Stewart Rhodes, who was charged with seditious conspiracy last month, had challenged a prior ruling to keep him detained, claiming he was not a flight risk or a danger.

A federal judge has shot down a second attempt by the founder of the militant group the Oath Keepers to win release from jail as he awaits trial for his role in the Jan. 6 riot.

Stewart Rhodes was charged last month with seditious conspiracy, among a host of other alleged crimes, and has been in detention outside of Dallas since his arrest by the FBI. Three weeks ago, a federal magistrate judge in Texas ruled to keep Rhodes behind bars on grounds that he had a “propensity towards violence” and was a flight risk. His attorneys challenged that decision, asking US District Judge Amit Mehta to reverse it.

Mehta, based in Washington, is overseeing the sedition case against Rhodes and 10 other defendants, as well as separate cases against eight other members and associates of the Oath Keepers armed extremist group. In his ruling denying bond Friday afternoon, which was delayed several hours after a power outage in the detention center where Rhodes has been held, he said that there was "no combination of conditions that would ensure the safety of the community” if Rhodes were to be released.

As a result, Rhodes, 56, will remain in custody at least until trial, which is slated to begin July 11. He has requested to remain in a detention center in Oklahoma rather than be transported to Washington, DC, where four other Oath Keepers defendants — Jessica Watkins, Kelly Meggs, Kenneth Harrelson, and Edward Vallejo — are also detained. Prosecutors said on Friday they did not object to him remaining where he is. The judge said he would consider the question because he didn’t want to give Rhodes “special treatment.”

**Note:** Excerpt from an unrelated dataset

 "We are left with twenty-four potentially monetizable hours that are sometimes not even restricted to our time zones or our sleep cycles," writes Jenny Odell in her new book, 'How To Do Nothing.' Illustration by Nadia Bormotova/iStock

An additional 14 people charged in Oath Keepers cases have been granted bond and have been released as they await trial.

The seditious conspiracy case against Rhodes, which also includes a variety of other conspiracy and obstruction charges, is by almost any measure the most prominent to have come out of the sprawling Jan. 6 investigation. It in many ways encapsulates the Justice Department’s most complete argument that the Capitol riot was a deliberate and premeditated attempt to overthrow a democratically elected government by any means, including violence.

And Rhodes, whom prosecutors say “spearheaded” the conspiracy, is one of the most important defendants among the more than 740 people who have been charged over the past 13 months. An Army veteran who went on to Yale law school only to be disbarred for ignoring court orders and abandoning clients, he has bootstrapped himself to national prominence since founding the Oath Keepers in 2009.

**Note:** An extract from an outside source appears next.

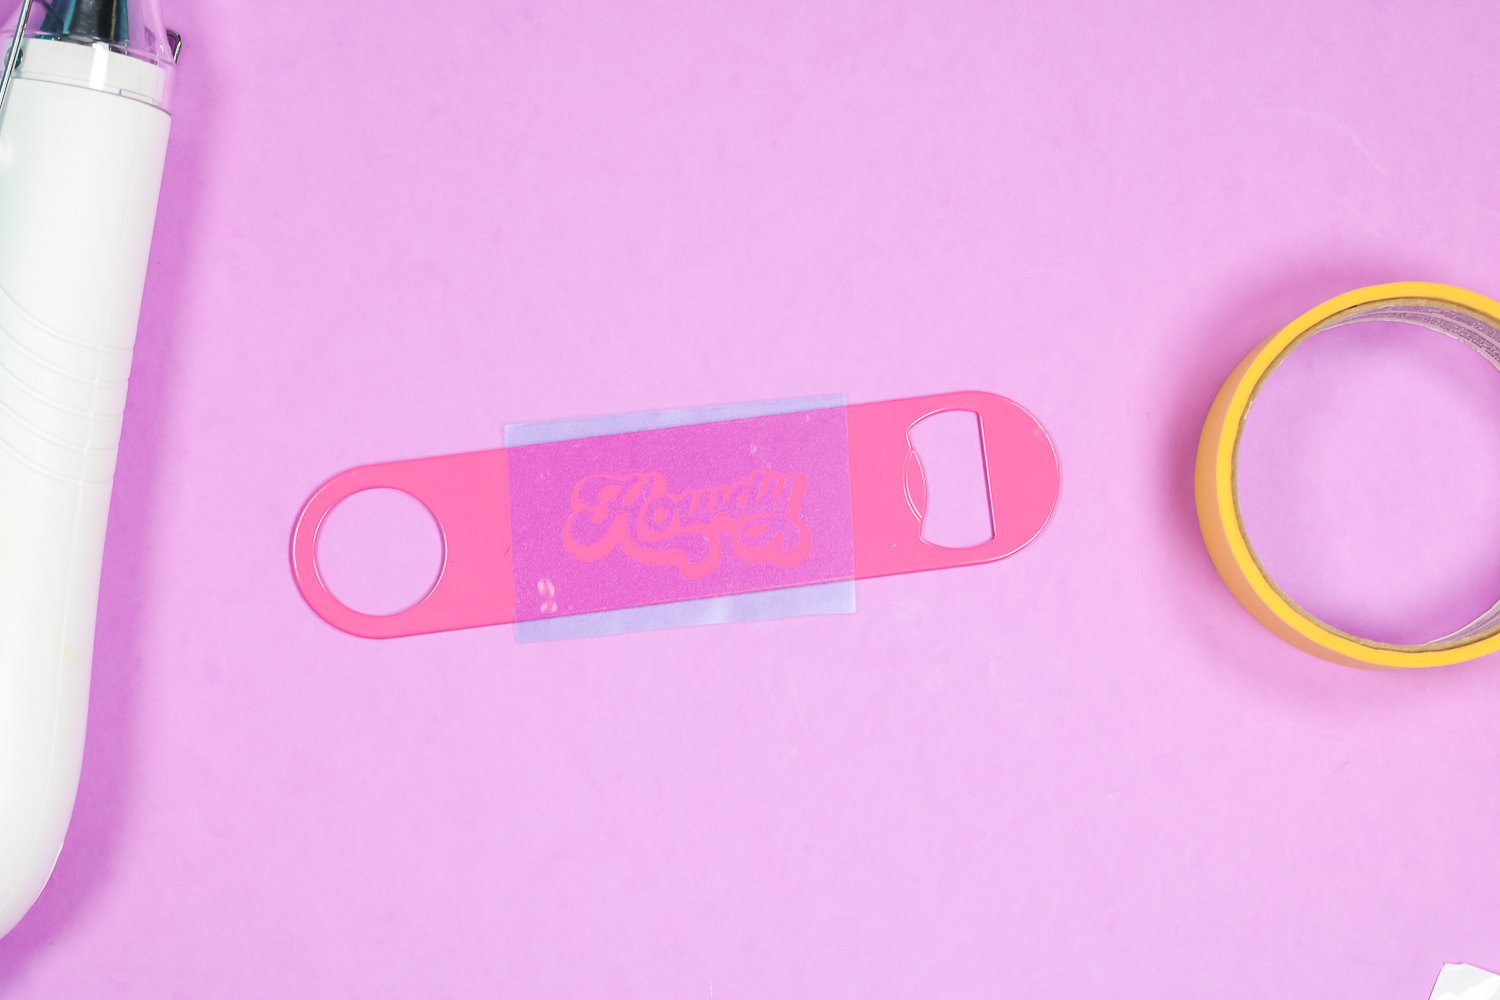 Apply stencil to pink bottle opener.

Prosecutors describe him as a dangerous man who plotted over a period of months to halt the certification of the presidential election by rallying a large group of Oath Keepers and associates to Washington, DC, ahead of the Jan. 6 insurrection. They say that by using encrypted messages, he encouraged members of his group to bring weapons to stow outside city limits in Virginia, that he bought weapons himself in the days leading up to the event, and that he subsequently deleted evidence of his involvement.

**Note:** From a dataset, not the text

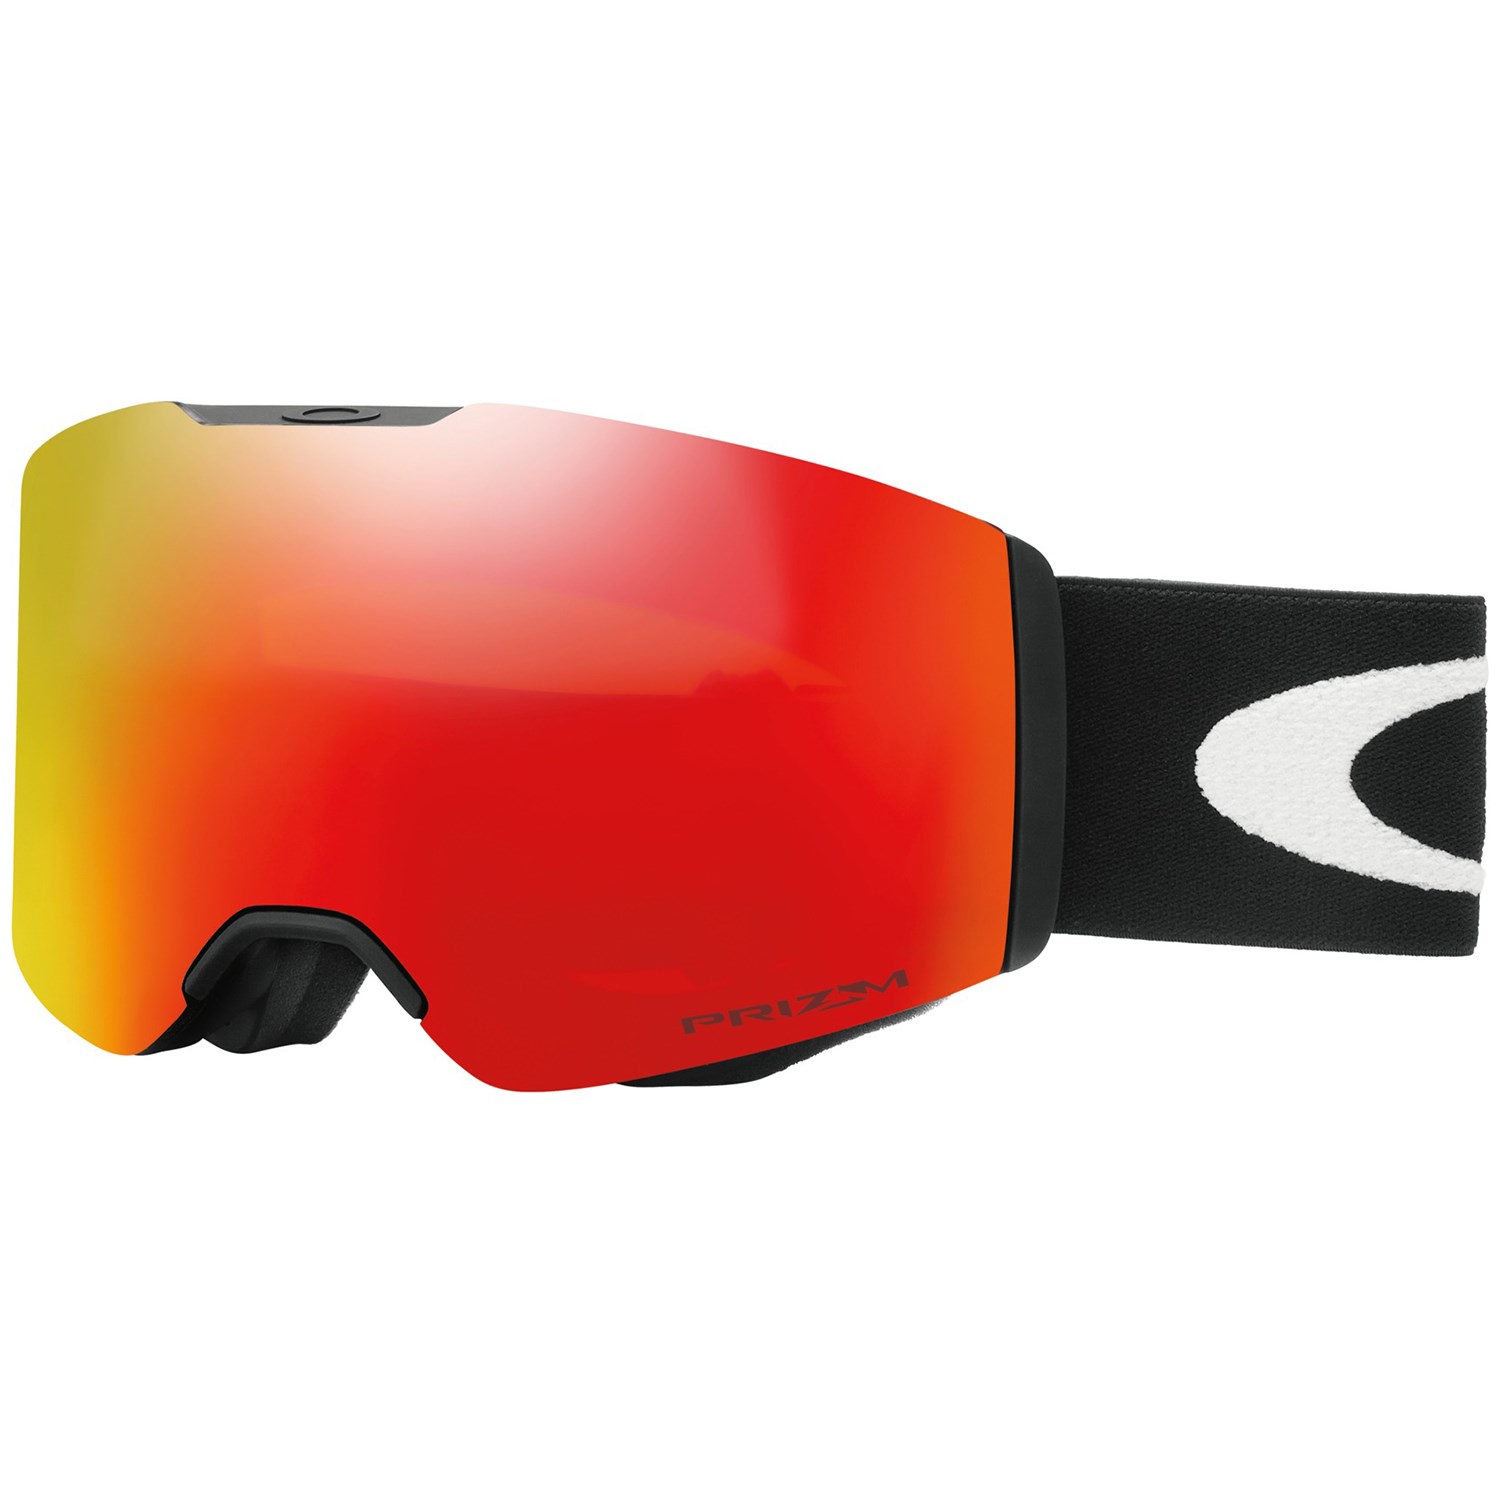 Oakley Fall Line Asian Fit Goggles

His lawyers, however, contend that “there is a severe lack of compelling evidence of Rhodes’s leadership of any alleged conspiracy” and that his actions on that day reflect his “loyalty to an oath taken in defense of the Country.” They note that while many members of the Oath Keepers entered the Capitol building, he did not, and that he never summoned the heavily armed “Quick Reaction Force” he had stationed across the Potomac.

During a hearing Wednesday to air arguments about whether he should remain behind bars, Rhodes repeatedly interjected, at times talking over and directing his own lawyers, and offered to testify on his own behalf. It’s unusual for defendants to speak during such proceedings, and his comments prompted Judge Mehta to advise Rhodes to refrain from taking the stand, since he’d be subject to cross-examination from prosecutors. To his own counsel’s apparent relief, he did not ultimately testify, nor did another person who attended the hearing by video: Michael Greene, also known as Michael Simmons, who served as the Oath Keepers’ “operations leader” on Jan. 6.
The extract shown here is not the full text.